### Your goal
Return every line from the records below that has the word "Piece".

Supplied information Block Start

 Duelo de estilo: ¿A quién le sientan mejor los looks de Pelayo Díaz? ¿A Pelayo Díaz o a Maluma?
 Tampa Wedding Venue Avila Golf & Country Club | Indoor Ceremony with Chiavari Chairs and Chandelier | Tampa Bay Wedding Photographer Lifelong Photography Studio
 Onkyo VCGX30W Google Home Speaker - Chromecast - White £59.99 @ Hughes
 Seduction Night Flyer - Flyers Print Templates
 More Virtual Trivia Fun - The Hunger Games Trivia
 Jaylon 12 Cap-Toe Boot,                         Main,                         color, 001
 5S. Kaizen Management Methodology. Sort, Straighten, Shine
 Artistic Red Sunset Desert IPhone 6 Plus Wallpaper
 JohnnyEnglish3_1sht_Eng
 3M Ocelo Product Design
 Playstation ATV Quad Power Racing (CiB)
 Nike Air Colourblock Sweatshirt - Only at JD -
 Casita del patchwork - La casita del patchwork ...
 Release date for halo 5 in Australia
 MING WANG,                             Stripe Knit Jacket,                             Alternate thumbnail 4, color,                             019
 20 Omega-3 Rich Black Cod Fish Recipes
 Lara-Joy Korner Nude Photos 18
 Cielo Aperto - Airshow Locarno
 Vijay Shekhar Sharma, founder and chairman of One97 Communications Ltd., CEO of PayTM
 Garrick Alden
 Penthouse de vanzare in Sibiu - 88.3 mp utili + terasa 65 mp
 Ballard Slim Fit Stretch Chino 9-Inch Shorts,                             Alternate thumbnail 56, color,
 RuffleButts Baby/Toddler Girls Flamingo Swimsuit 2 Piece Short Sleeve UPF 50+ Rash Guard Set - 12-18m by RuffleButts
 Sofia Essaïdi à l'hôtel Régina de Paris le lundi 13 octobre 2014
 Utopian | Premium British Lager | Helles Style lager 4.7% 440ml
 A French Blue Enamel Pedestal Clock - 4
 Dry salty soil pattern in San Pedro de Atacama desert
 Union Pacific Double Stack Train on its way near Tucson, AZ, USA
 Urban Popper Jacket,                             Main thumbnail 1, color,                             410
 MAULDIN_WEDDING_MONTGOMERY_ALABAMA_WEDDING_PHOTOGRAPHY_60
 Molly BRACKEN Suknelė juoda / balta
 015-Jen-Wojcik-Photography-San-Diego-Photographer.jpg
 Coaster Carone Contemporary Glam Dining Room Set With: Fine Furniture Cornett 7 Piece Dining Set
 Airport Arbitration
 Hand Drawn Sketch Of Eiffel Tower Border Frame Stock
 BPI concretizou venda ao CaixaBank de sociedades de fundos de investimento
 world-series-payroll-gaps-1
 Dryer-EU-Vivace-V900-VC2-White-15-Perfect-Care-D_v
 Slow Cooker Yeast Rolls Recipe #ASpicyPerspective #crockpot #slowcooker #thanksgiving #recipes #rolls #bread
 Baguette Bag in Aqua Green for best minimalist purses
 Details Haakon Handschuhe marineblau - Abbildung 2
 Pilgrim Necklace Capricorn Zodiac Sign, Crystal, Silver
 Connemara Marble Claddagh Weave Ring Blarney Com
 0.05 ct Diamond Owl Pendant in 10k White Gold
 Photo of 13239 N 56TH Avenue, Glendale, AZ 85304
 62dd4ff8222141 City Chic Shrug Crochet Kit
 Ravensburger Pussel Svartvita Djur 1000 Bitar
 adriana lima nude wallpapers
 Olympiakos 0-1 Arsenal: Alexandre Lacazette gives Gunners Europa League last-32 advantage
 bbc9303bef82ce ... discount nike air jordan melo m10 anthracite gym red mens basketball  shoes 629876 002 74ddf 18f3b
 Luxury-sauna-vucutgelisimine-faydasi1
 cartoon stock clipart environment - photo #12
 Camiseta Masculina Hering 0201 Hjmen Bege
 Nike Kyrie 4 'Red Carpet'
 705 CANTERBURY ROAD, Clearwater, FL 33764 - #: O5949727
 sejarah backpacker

Supplied information Block End

### Completed task
 RuffleButts Baby/Toddler Girls Flamingo Swimsuit 2 Piece Short Sleeve UPF 50+ Rash Guard Set - 12-18m by RuffleButts
 Coaster Carone Contemporary Glam Dining Room Set With: Fine Furniture Cornett 7 Piece Dining Set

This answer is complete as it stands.